[Opening Data for this exercise section]
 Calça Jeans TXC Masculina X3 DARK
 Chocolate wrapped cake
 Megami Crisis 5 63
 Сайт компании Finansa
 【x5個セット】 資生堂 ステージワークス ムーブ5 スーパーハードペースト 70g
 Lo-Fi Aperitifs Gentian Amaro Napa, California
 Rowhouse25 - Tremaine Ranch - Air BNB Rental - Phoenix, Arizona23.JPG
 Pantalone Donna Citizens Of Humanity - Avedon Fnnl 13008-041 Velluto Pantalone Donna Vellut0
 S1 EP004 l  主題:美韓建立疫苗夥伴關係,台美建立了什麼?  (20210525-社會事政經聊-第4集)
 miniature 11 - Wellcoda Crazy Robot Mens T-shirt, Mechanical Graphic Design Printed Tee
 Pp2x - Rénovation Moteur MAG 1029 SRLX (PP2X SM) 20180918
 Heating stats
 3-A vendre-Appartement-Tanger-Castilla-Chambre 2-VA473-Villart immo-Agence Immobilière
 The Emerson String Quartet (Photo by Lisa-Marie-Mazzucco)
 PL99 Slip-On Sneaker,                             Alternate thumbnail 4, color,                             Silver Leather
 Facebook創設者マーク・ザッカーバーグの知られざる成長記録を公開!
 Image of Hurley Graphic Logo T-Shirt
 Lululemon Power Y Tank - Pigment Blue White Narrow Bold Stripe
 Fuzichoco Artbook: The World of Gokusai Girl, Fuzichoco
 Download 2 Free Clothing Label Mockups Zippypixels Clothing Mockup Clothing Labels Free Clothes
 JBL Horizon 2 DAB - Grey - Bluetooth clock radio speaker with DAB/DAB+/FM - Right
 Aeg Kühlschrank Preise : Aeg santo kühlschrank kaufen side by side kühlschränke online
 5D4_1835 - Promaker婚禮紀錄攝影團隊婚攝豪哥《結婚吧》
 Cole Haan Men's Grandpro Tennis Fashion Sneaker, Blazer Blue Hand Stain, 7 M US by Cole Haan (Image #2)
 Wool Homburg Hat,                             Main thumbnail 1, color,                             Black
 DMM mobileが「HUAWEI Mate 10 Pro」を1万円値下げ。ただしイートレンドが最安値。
[Closing Data for this exercise section]
Brief: Tally every line in the listing that holds "thumbnail" and answer with the total only.

Response below: 2